UV radiation, sun and sunbeds UV radiation, sun and sunbeds
UV radiation, sun and sunbeds

The tolerance of skin types varies

The tolerance of skin types varies

Skin types have different tolerances: people can be roughly divided into six skin types, depending on how well the skin can tolerate the sun. Those with skin that burns easily and tans poorly (skin types I and II) have a higher risk of developing melanoma.

Children's skin is thinner and unable to produce pigment in the same way as adult skin, and is therefore classified as the most sensitive skin type I.

The easiest way to determine your own skin type is to answer two questions:

  • Does your skin burn every summer when for the first time in the sun?
  • Do you tan after sunbathing?

Few people belong to only one specific skin type. The skin type scale is only indicative.

Skin type Burns Tans
I always never
II easily minimally
III moderately uniformly
IV minimally well
V naturally brown skin
VI naturally black skin

Type I people are often very light-skinned, red-haired and freckled, burn very quickly in the sun, and do not tan at all.

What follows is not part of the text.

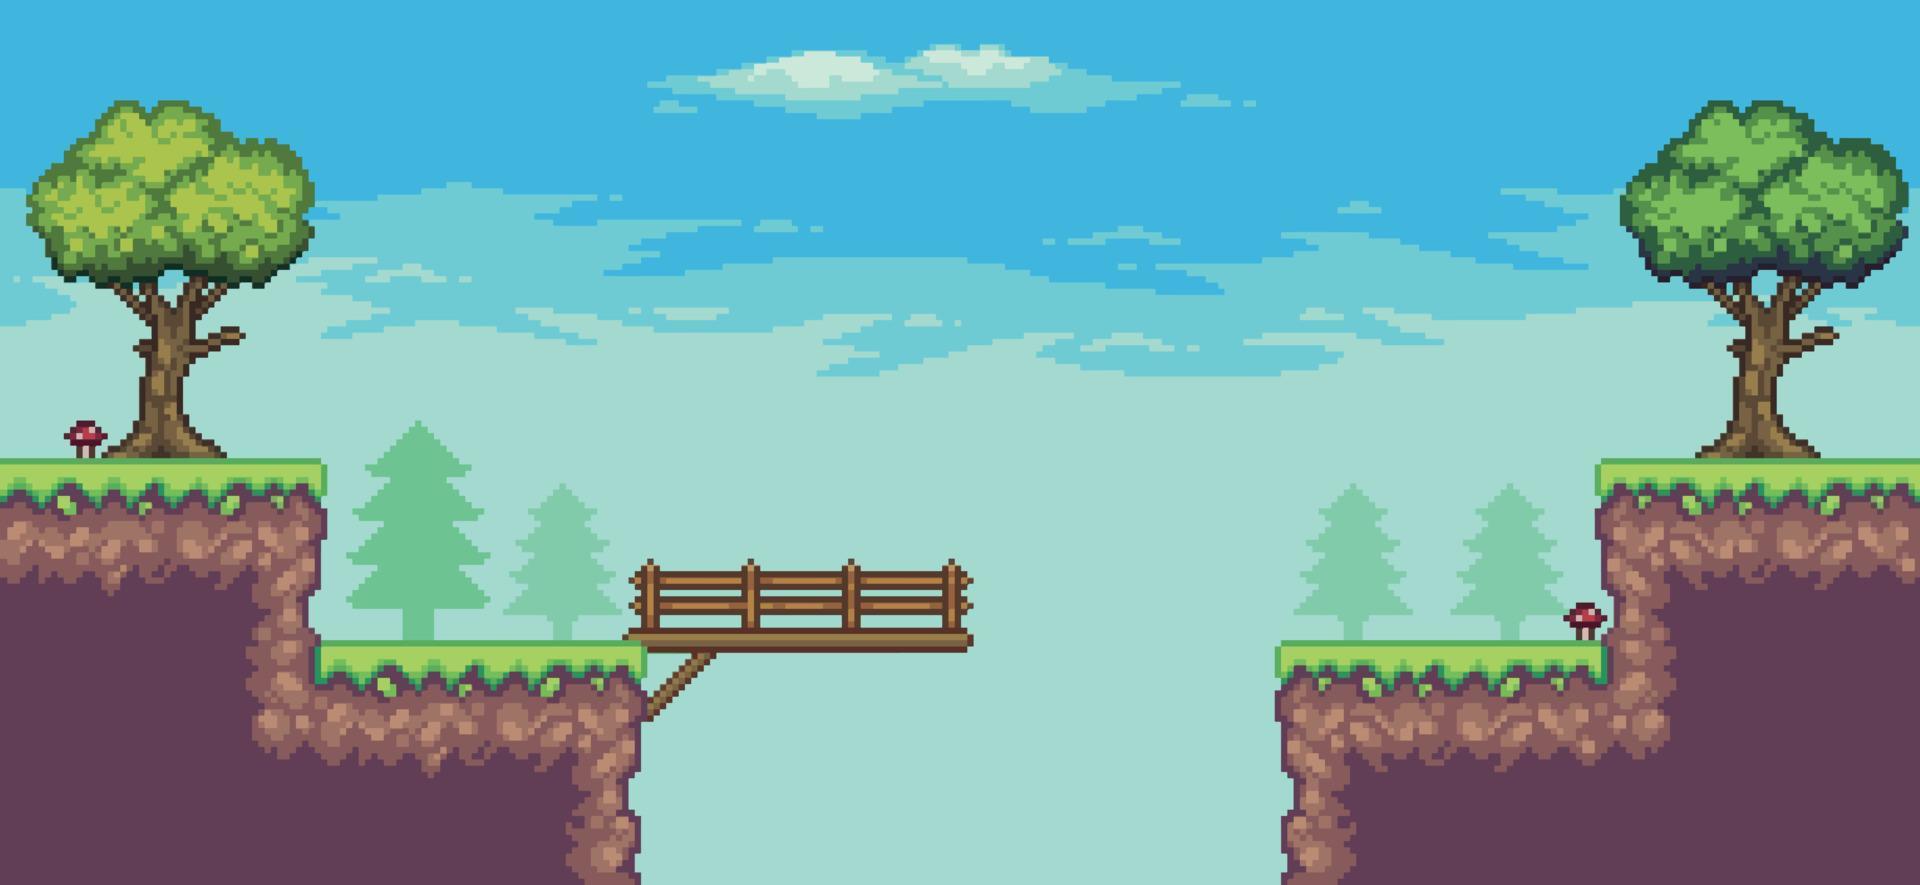 pixel konst arkad spel scen med träd, bro, trä- styrelse, och moln 8bit vektor bakgrund

Type II people are light-skinned, blonde-haired, blue or green-eyed people who burn frequently and tan slightly.

Type III members typically have brown hair and gray or brown eyes. They withstand the sun relatively well, sometimes burn, and tan well.

Type IV subjects have light brown/olive skin, brown eyes, and dark brown or black hair. They rarely burn and tan well.

Europeans most often fall into these four skin types. One third of Finns belong to Type I or II and about half to Type III. Only one in ten is Type IV, which is prevalent in Southern Europe.

Skin types V and VI are naturally dark-skinned and -haired and do tolerated the sun well. Type V members are brown-skinned and black-haired, for example North Africans and Indians belong to skin type V. People with skin type VI have black skin and black hair, typically Africans belong to skin type VI. Skin cancer is rare among these skin types.